Sometimes, like right now this afternoon, I imagine I’m watching myself from above.
I drift higher and higher, my body becoming smaller and smaller below until it’s barely a pin prick. And that feeling of disappearance feels just slightly right. As if the whole world might be smoother without my little dot disrupting its surface. But I’ve never said this to Paul. Instead, when he measures me with his eyes, probes me about my health, I smile as naturally as I can and thank him for caring.
Did my mother choose to fade away? Did she even know what was happening to her? I didn’t know at the time and could never ask her. Only Viv offered a breadcrumb trail of revelation too many years too late, when the damage was long done.
———
The kids are in bed and Paul is asleep on the sofa, half a glass of amber-coloured wine losing its chill on the side table.

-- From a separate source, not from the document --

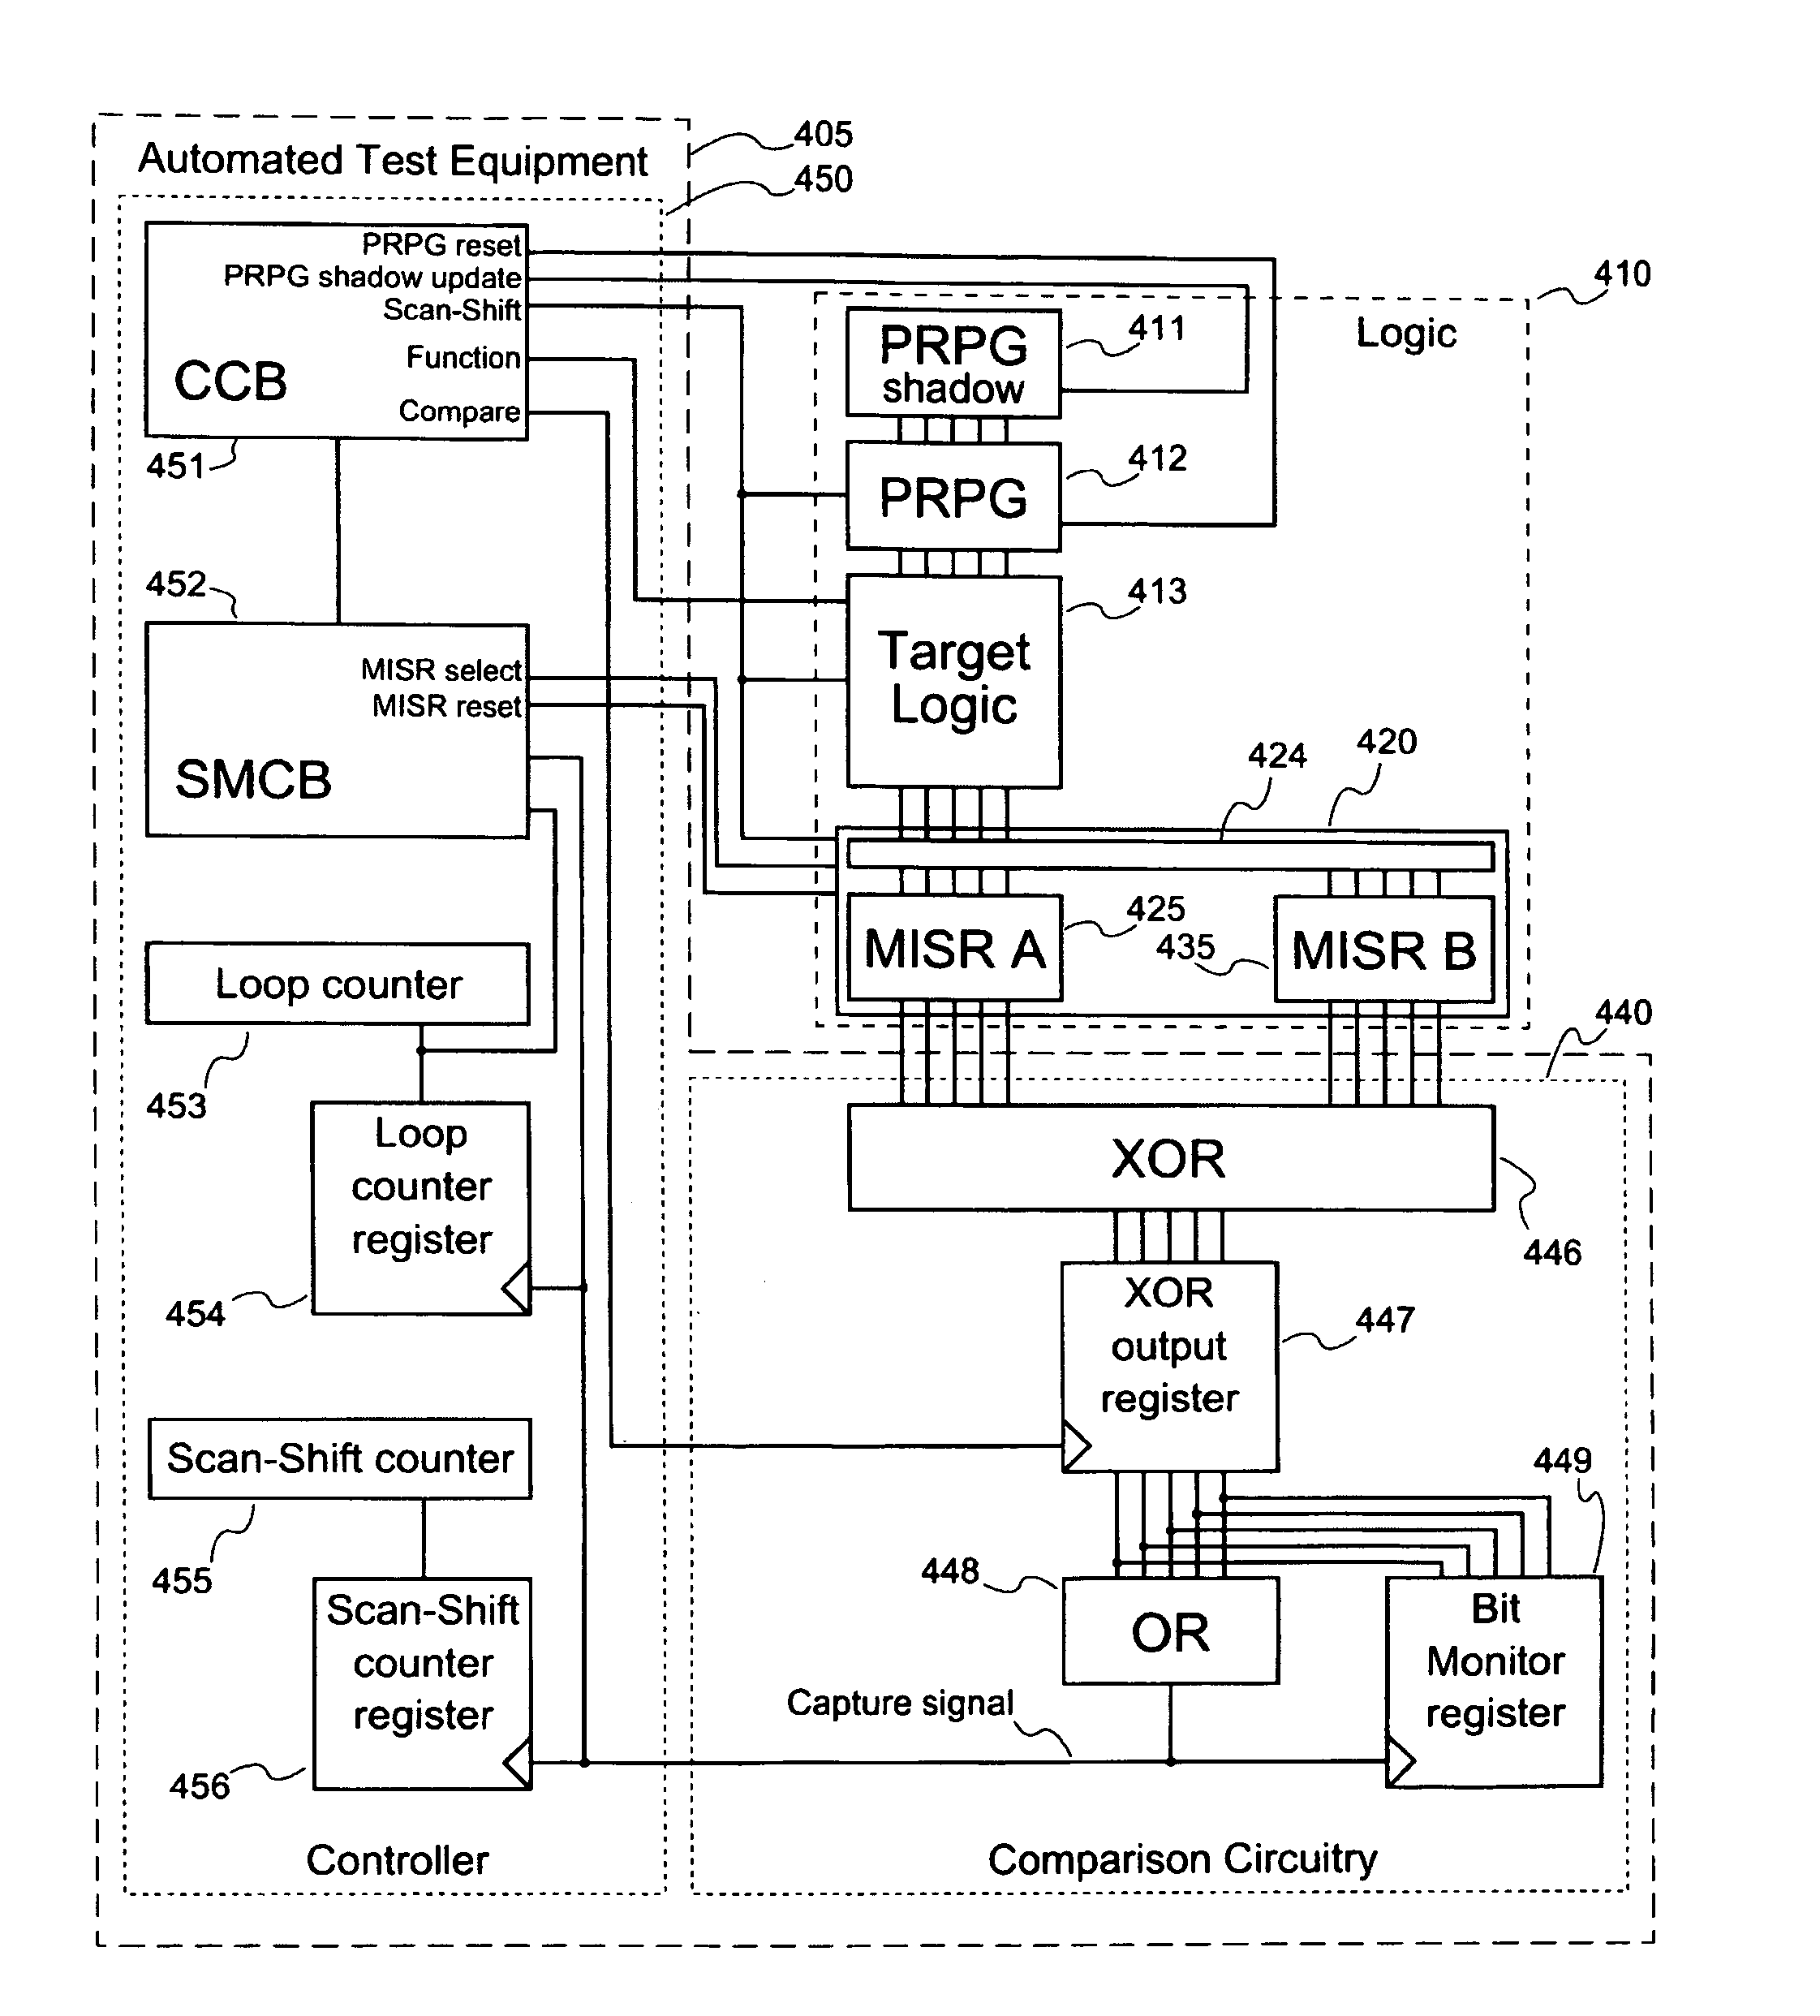 Systems and methods for diagnosing rate dependent errors using LBIST

I’m the only one awake in this house. I could slip out of the door and no-one would know until morning. I love the kids so painfully but I sometimes explore, in exhaustive detail, the other lives I might have had. The life I could be living now if I’d followed colleagues to New York in the nineties. The Kate I’d be if I worked in fashion. The life I could have lived back in Somerset, facing my mother and father’s memories down and creating an actual life there. But I know I’d have ended up here anyway. This is the bed I made. And if I feel like that, the rescued, the grateful. . . how does Paul feel? Does he imagine the other wives he could have had?

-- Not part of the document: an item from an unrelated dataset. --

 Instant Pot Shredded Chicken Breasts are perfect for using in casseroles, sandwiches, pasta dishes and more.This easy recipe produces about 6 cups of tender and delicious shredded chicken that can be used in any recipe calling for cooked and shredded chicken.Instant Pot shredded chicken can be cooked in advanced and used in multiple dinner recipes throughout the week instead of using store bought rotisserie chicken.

The journalism career he walked away from? To think I believed I’d rescued him, once upon a time. I shudder at the naivety.
The evening has long given way to black night and I check in on the kids casually, walking in to their rooms just far enough to hear their breathing and smell their sweetness. When Harry was a new baby, I could never have imagined such a flippant whistle-stop. For months, he slept in a cot by my side while I barely slept. Instead, I stared at the little, pink, wobbly creature in disbelief.
I’d heard people talk about ‘new baby smell’ and assumed it was in the same spectrum as ‘new car smell’. Something along the lines of fabric conditioner and milk. But there’s no describing it, that perfume that’s like a thumbprint, unique to them. That you don’t just learn to recognise your baby’s unique squawk, but you could pick them out of a line-up blindfolded, just by sniffing the top of their head. I lost hours sniffing Harry’s scalp, nuzzling him like something tending its young on the Serengeti. Sometimes, I’d sit in the chair in his nursery, curl him up in my arms like a little prawn, and just rock and hum. It wasn’t for him, he was asleep already. Sometimes I would catch Paul watching me, hovering nervously in the doorway like he had many years ago. I felt momentarily strong, curled around my little prawn baby, basking in my own ability to fall in love.
Paul always wanted to be a very hands-on father with Harry. But there’s not a lot of space for a father’s hands early on, and he was back at work so soon. He changed his fair share of nappies, he was very capable and solid. He would take the baby downstairs on weekend mornings, curl him in his nook while he made coffee and read the paper or made notes on upcoming campaigns. It would feel like barely a blink, a morsel of sleep before I would hear the door creak open quietly and the snuffling of a baby preparing to yell for milk, Paul passing him to me apologetically. I was grateful for every minute of sleep I got, but I also wanted to grab Harry from Paul the second I saw them.